LANDIS-II models forest succession, disturbance (including fire, wind, harvesting, insects, global change), and seed dispersal across large (>1 million ha) landscapes. 

Featured Publication

Gustafson, E.J., A.M.G. De Bruijn, M.E. Kubiske, Robert E. Pangle, Jean-Marc Limousin, Nate McDowell, B.R. Sturtevant, Jordan Muss, William T. Pockman.  2015.  Integrating ecophysiology and forest landscape models to better project drought effects under climate change.  Global Change Biology 21:843–856.  
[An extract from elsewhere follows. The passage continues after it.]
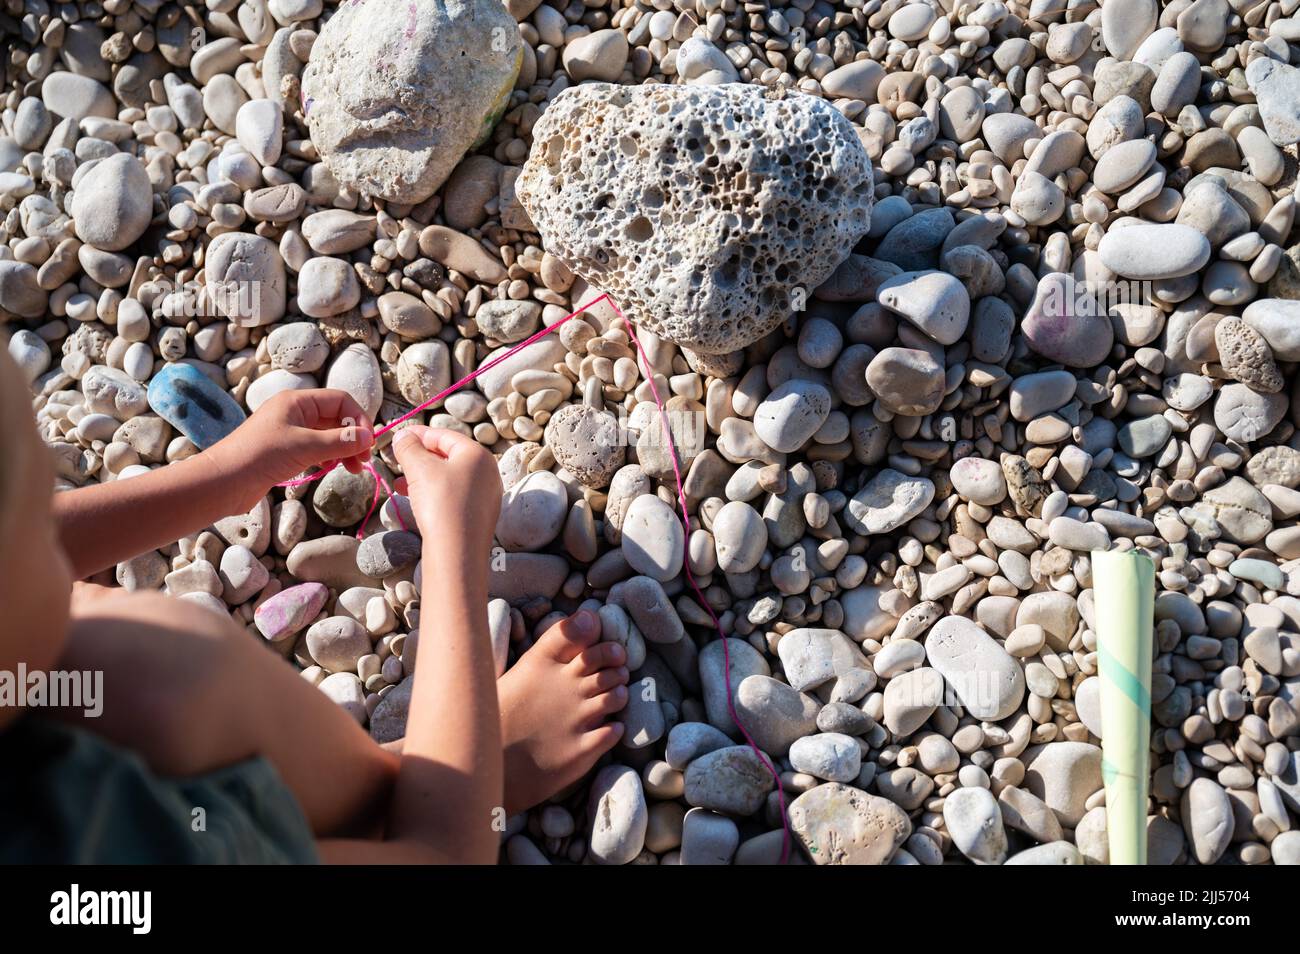 Vista superior de un niño que hace punto una pulsera de cuerda con hilo de algodón de colores en una playa de guijarros. Foto de stock
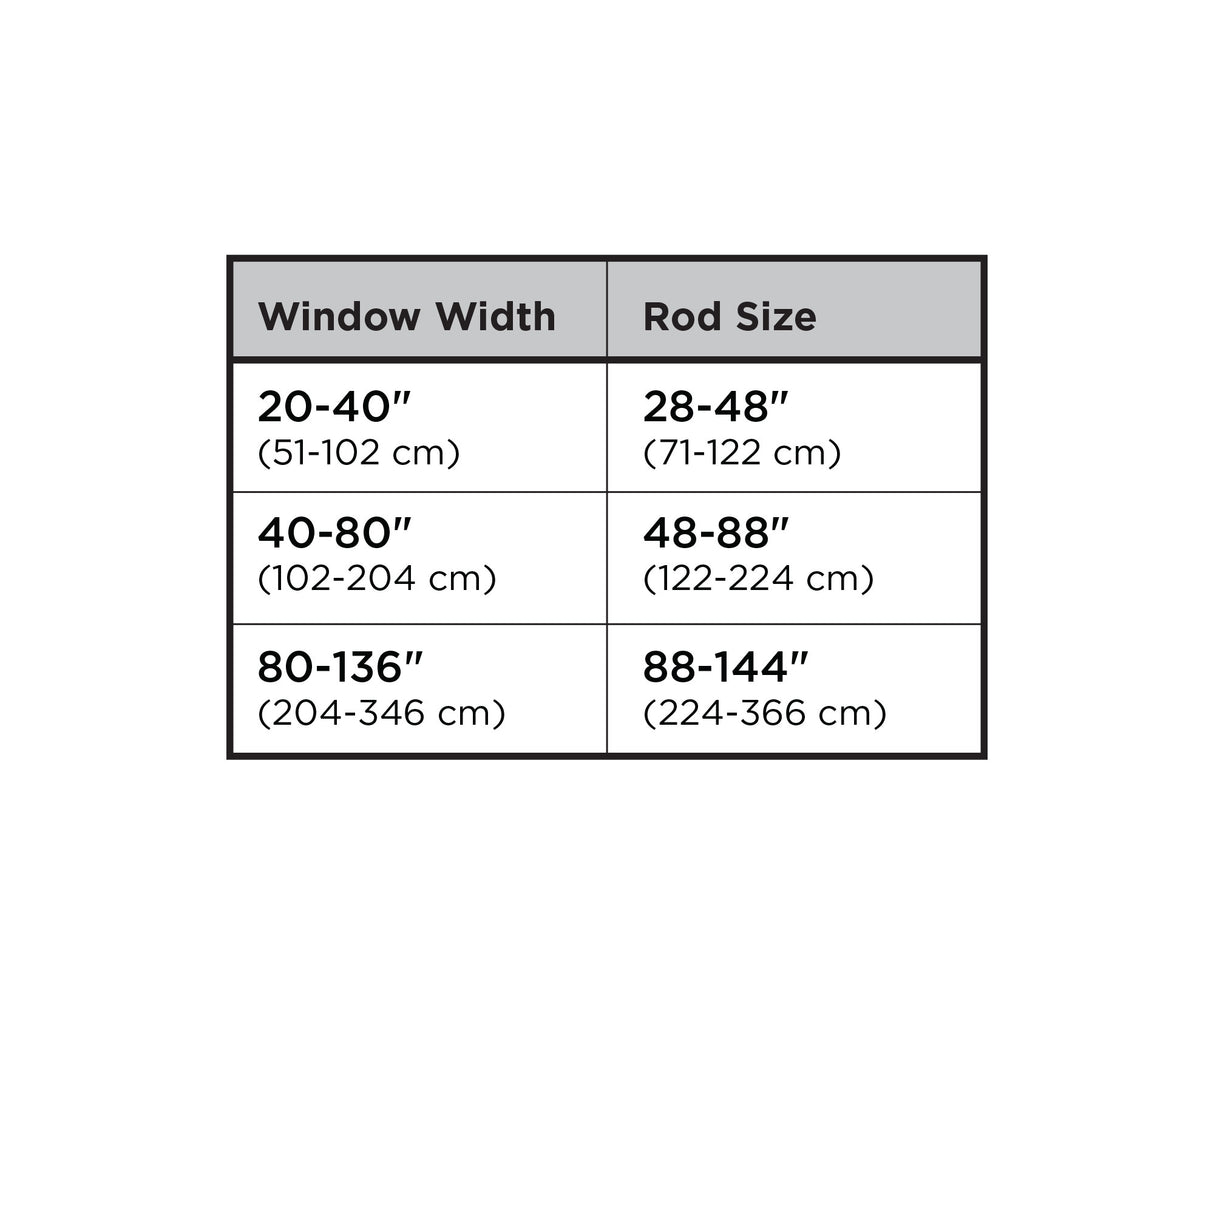 Double Curtain Rods | color: Matte-Nickel | size: 48-88" (122-224 cm) | diameter: 3/4" (1.9 cm)

Increasing the reliability of predictions of the landscape effects of climate change

Research Issue

[photo:] Precipitation manipulation experiment in a piñon pine - juniper ecosystem at the Sevilleta Long Term Ecological Research (LTER) site at the Sevilleta National Wildlife Refuge in central New Mexico, USA.Climate change is producing new environmental conditions that have not existed for study in the scientific age.  It is quite possible that many of the empirically-derived relationships developed under the conditions of the past for predicting forest dynamics will be rendered obsolete by climate change.  For example, forest growth and yield models are based on empirical relationships measured nearly a century ago when CO2 and temperatures were lower.  Recent research suggests that tree growth in the Midwest may be up to 20% higher in the current century because of CO2 fertilization.

Our Research

We developed a new approach (PnET-Succession) to simulate forest growth and competition within the forest landscape model, LANDIS-II.  The approach increases the use of mechanistic relationships based on “first principles” (fundamental and unequivocally known) to directly link tree growth, competition and death to temperature, precipitation and CO2 concentration.  The PnET-Succession extension of LANDIS-II incorporates components of the widely used PnET-II ecophysiology model.  When coupled with mechanistic disturbance extensions (e.g., wildfire, insect outbreaks, timber harvest) within the LANDIS-II modeling platform, the outcome of the complex interactions among tree growth and competition for light and water, changing disturbance regimes and increasing incidence of warm and drought years can be reliably predicted for large forested landscapes over century time scales.

Expected Outcomes

Forest landscape models that make more reliable projections under climate change are expected to provide critical and reliable insights about the relative effectiveness of alternative forest management strategies to maintain ecosystem goods and services into the distant future.

Research Results

Gustafson, E.J.; De Bruijn, A.M.G.; Kubiske, M.E.; Pangle, Robert E.; Limousin, Jean-Marc; McDowell, Nate; Sturtevant, B.R.; Muss, Jordan; Pockman, William T.  2015.  Integrating ecophysiology and forest landscape models to better project drought effects under climate change.  Global Change Biology 21:843–856.  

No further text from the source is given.